● **Task goal**
The part below that opens with the line containing "Блузка SANDRO PARIS.Размер 1." and closes with the line containing "Vit orkidé med rötterna fria i vatten." should be copied exactly, minus any pictures.

● **Extracted records**
++++

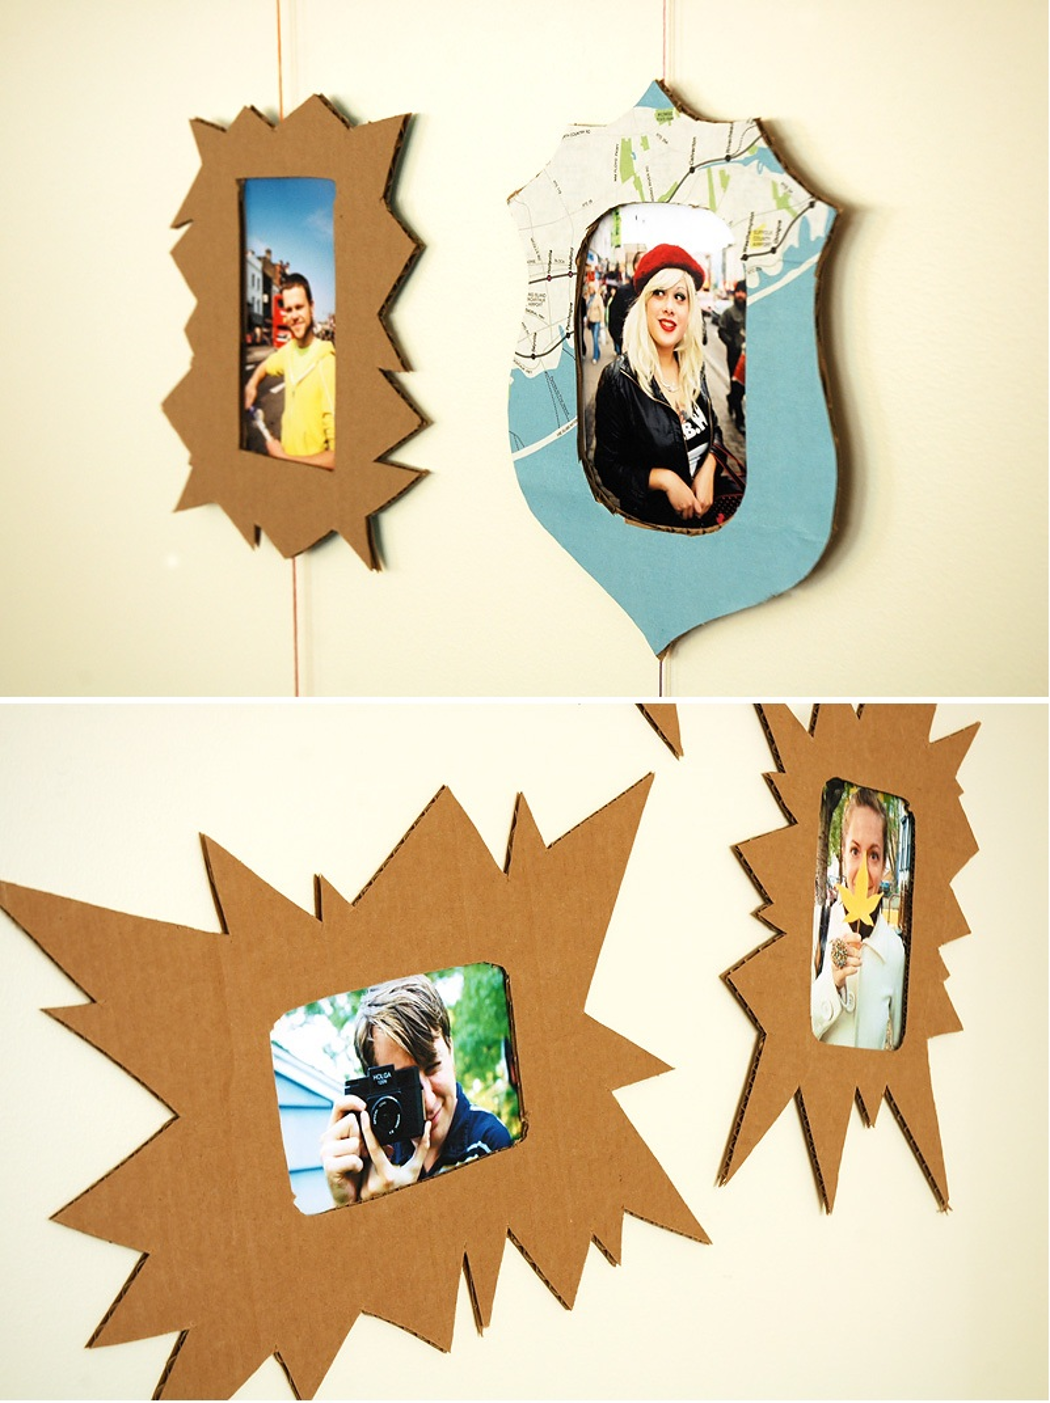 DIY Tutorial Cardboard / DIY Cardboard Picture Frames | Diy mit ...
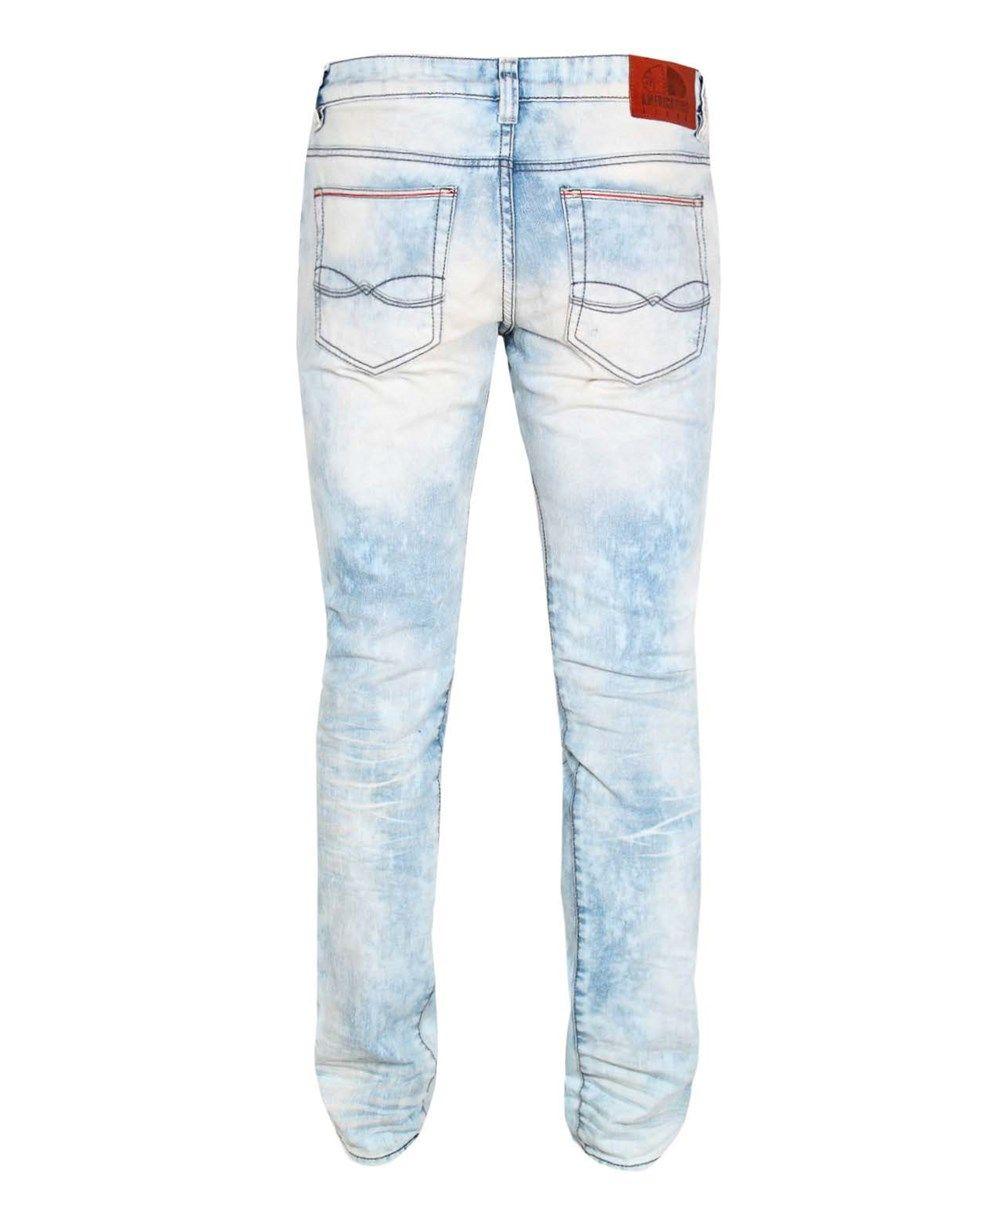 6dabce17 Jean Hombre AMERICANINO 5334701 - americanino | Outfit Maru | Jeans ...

++++

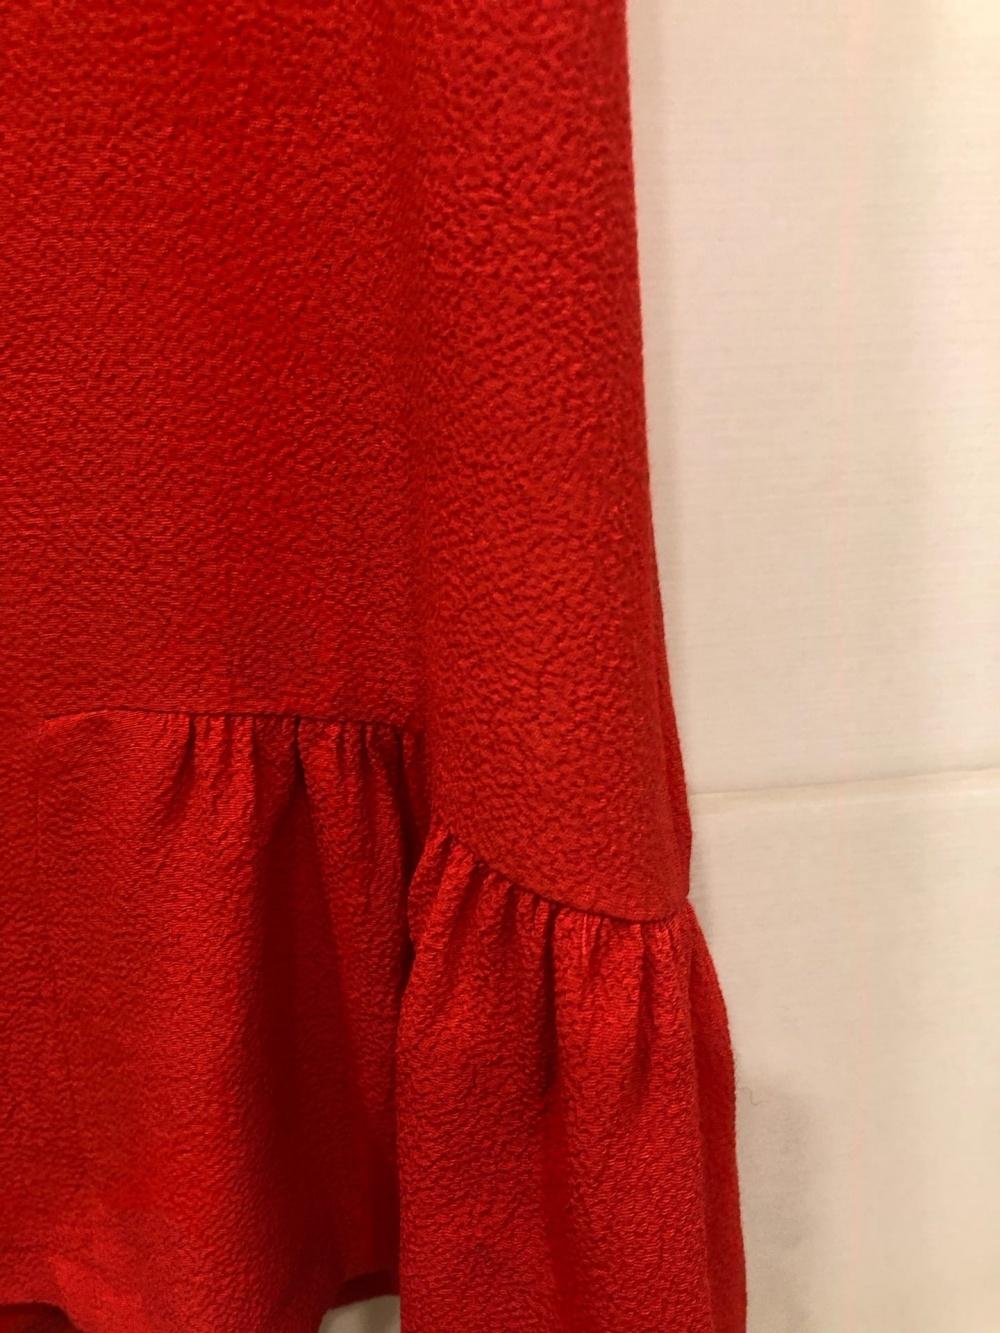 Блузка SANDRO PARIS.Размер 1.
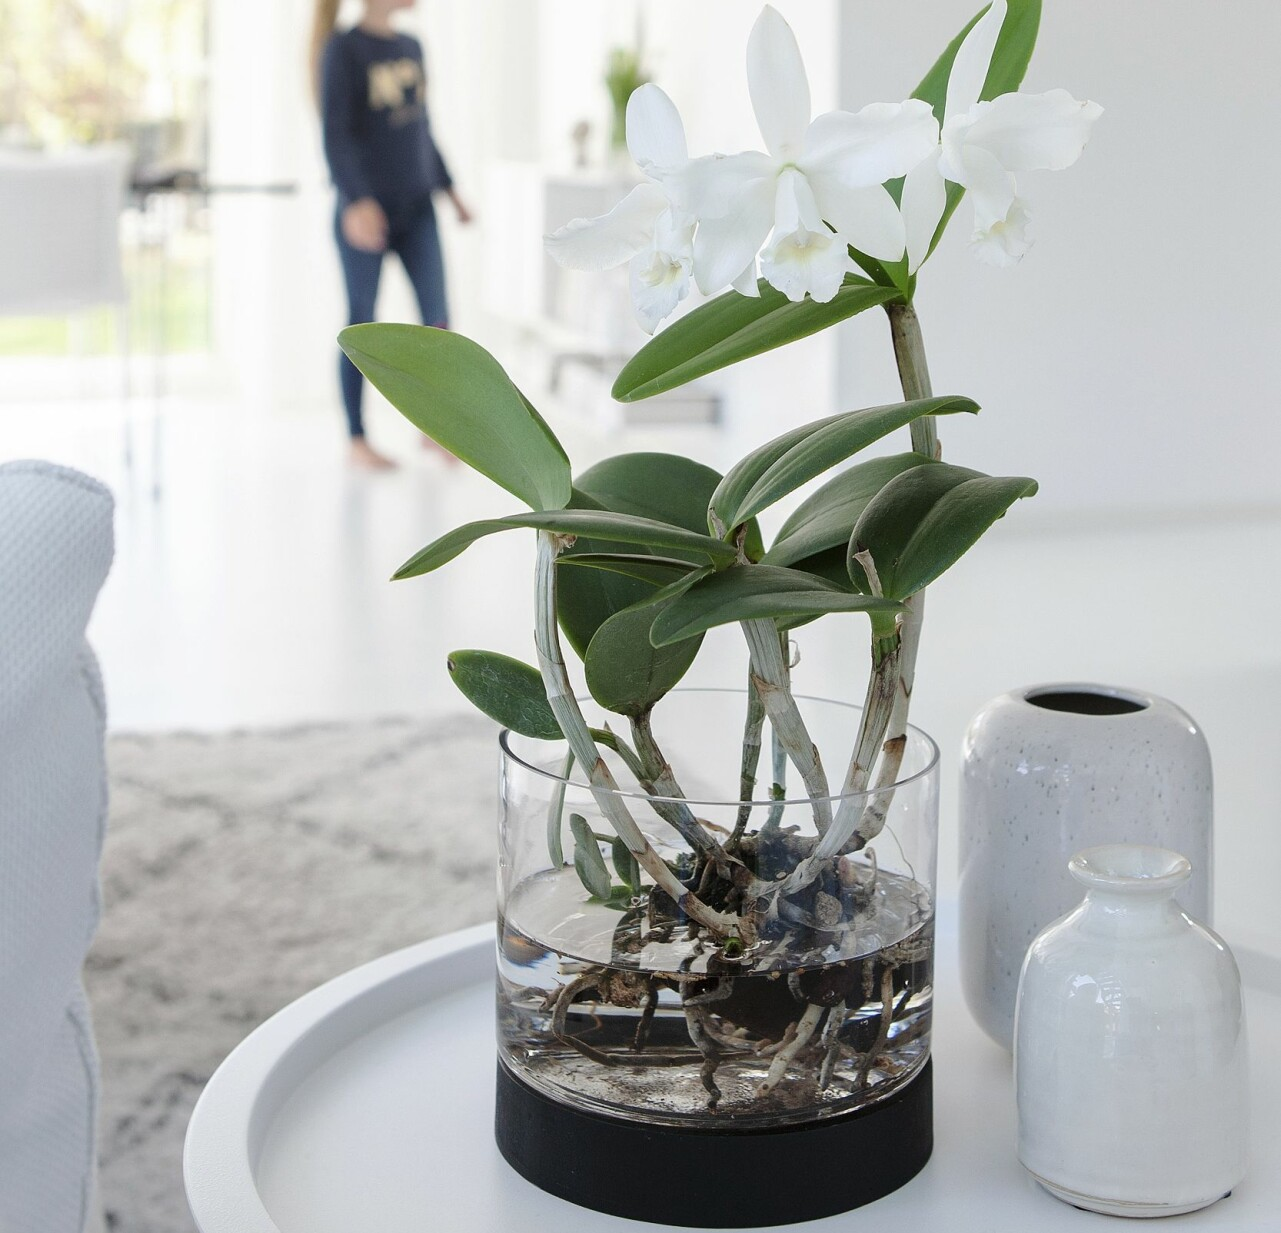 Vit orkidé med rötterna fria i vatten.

++++

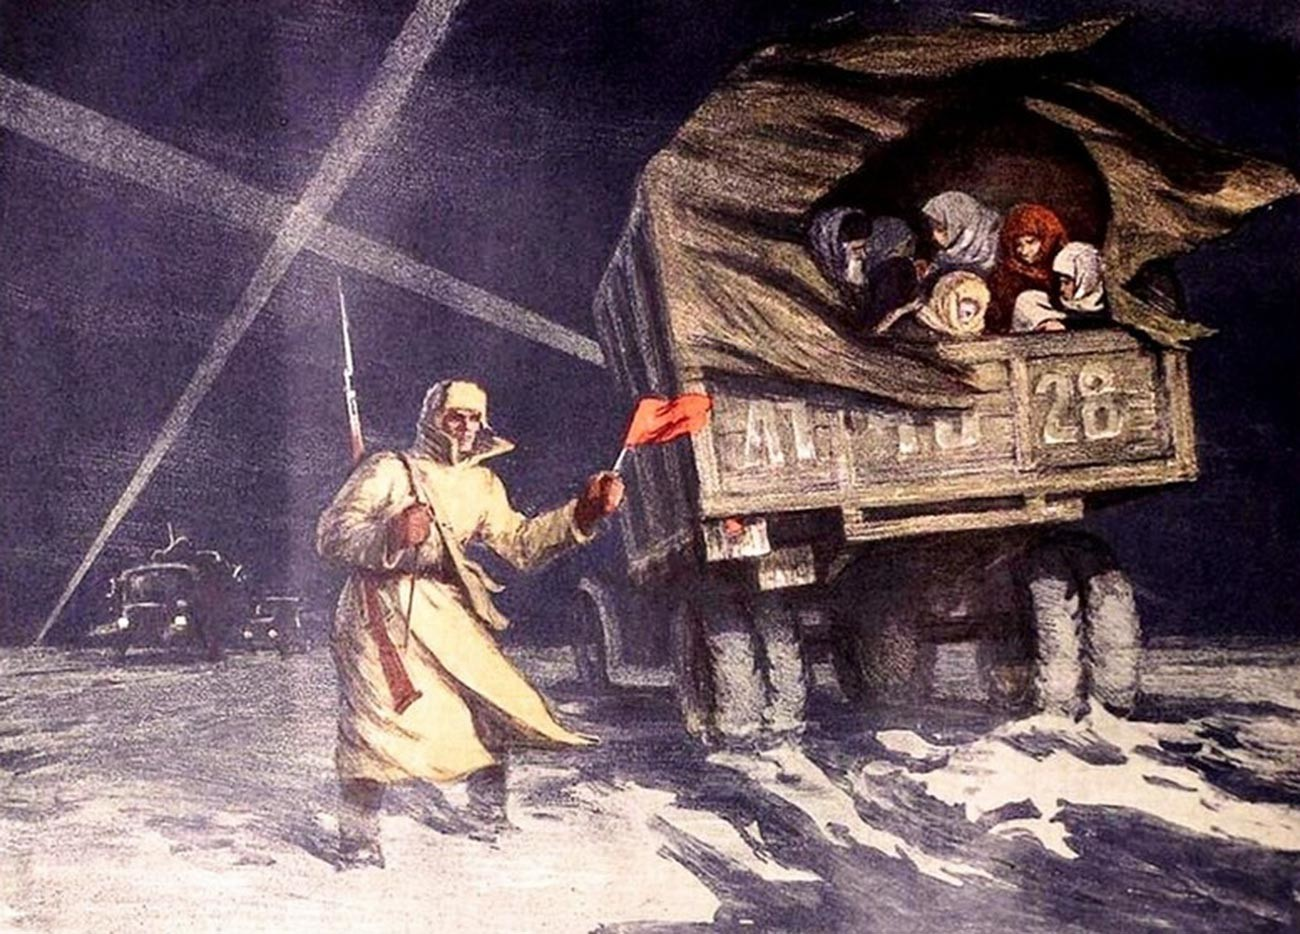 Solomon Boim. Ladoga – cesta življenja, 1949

++++

● **Solution below**
 Блузка SANDRO PARIS.Размер 1.
 Vit orkidé med rötterna fria i vatten.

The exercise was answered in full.